Los relatos cortos de Chejov son clases magistrales de narrativa. Hemingway
aseguraba que lo había aprendido todo de él (aunque decía lo mismo sobre
Stephen Crane y de Ring Lardner); Cheever decía que en Chejov ya estaba todo
lo concerniente al arte de narrar; Carver lo elevaba sin vacilar al podio de Maestro.
Y en cierta medida tenían razón. El arte de narrar brevemente, buscando una
contundencia que asegure el resultado de impacto en el relato, toma forma
definitiva en el trabajo literario de Chejov.
Cuando uno lee a la triada clásica rusa sabe que tiene ante sí la obra de
monomaníacos desaforadamente perdidos en la búsqueda de una causa: Tolstoi
nos propone un camino hacia la redención de un socialismo pacifista y campesino;
Dostoievsky, un nihilismo de colofón cristiano; Gorky, un humanismo social.

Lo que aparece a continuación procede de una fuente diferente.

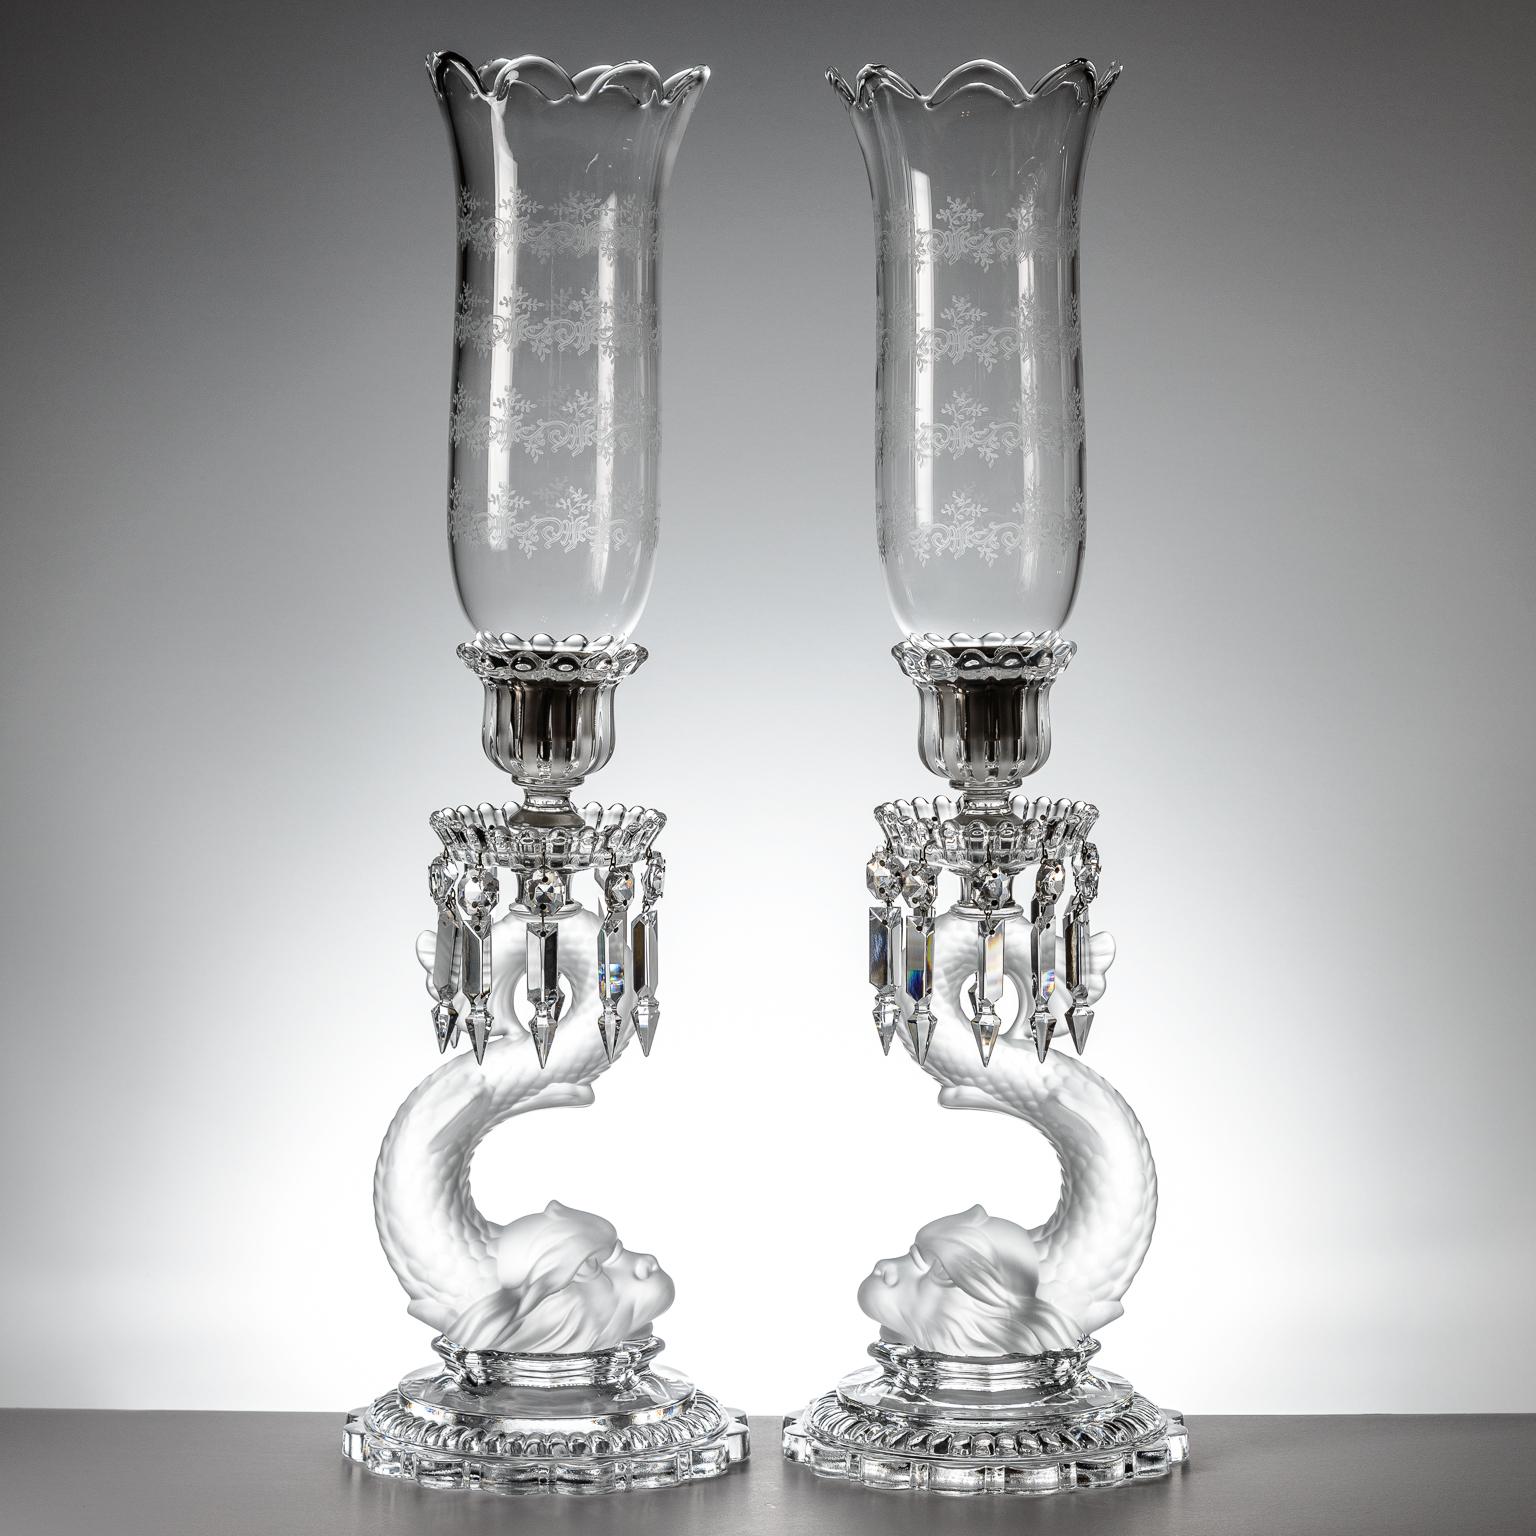 A wonderful pair of blown crystal candle sticks featuring Baccarat's classic dolphin base with shaped base, prisms and original tall hurricane globes. This versatile pair can be used with or without their shades for an elegant setting. In very good

Chejov decepciona en este punto: “No he adquirido una perspectiva política, ni
filosófica, ni religiosa sobre la vida. Tengo que limitarme a las descripciones de
cómo mis personajes aman, se casan, tienen hijos, hablan y se mueren”, escribía
Chejov en una de sus cartas tratando de justificar la índole de sus relatos; y en
esos argumentos encontramos también la explicación de lo que en su tiempo
harán Hemingway, Cheever y Carver. Gran parte de la narrativa breve de los
estadounidenses sería impensable sin el precedente que constituye la obra de
Chejov.
Pero no nos dejemos engañar. Esta brevedad sólo adquiere valor literario en
consonancia con la densidad de lo narrado. Los relatos breves de Chejov podrían
haberse convertido en novelas, porque lo contado excede la escena puntual
significativa. Pero en Chejov la decisión económica obedece a una exigencia
estética. En cada relato condensa un universo por desglosar y, en muchos casos,
hay para desentrañar sentidos latentes a través de la simpleza de la anécdota. A
Chejov le cabe lo que Bergman aseguraba sobre el material de un guión: que hay
mayores posibilidades para hacer una película a partir de un cuento que de una
novela por todo lo que en el primero existe condensado.
El caso de La dama del perrito es significativo. La introducción del relato es una
declaración estética y programática: “Un nuevo personaje había aparecido en la
localidad: una señora con un perrito. Dmitri Dmitrich Gurov, que por entonces
pasaba una temporada en Yalta, empezó a tomar algún interés en los
acontecimientos que ocurrían. Sentado en el pabellón de Verney, vio pasearse
junto al mar a una señora joven, de pelo rubio y mediana estatura, que llevaba una
boina; un perrito blanco de Pomerania corría delante de ella. Después la volvió a
encontrar en los jardines públicos y en la plaza varias veces. Caminaba sola,
llevando siempre la misma boina, y siempre con el mismo perrito; nadie sabía
quién era y todos la llamaban sencillamente «la señora del perrito». «Si está aquí
sola, sin su marido o amigos, no estaría mal trabar amistad con ella», pensó
Gurov”. Si nadie sabe quién es ella, hay que averiguarlo. Y averiguar en Chejov es
lo mismo que inventar, crear una vida para esos dos amantes. ¿Y por qué
hacerlo? Porque sí, porque se puede contar en unas pocas páginas todo lo que
nos hace humanos. Y en esto Chejov llegó a la perfección absoluta.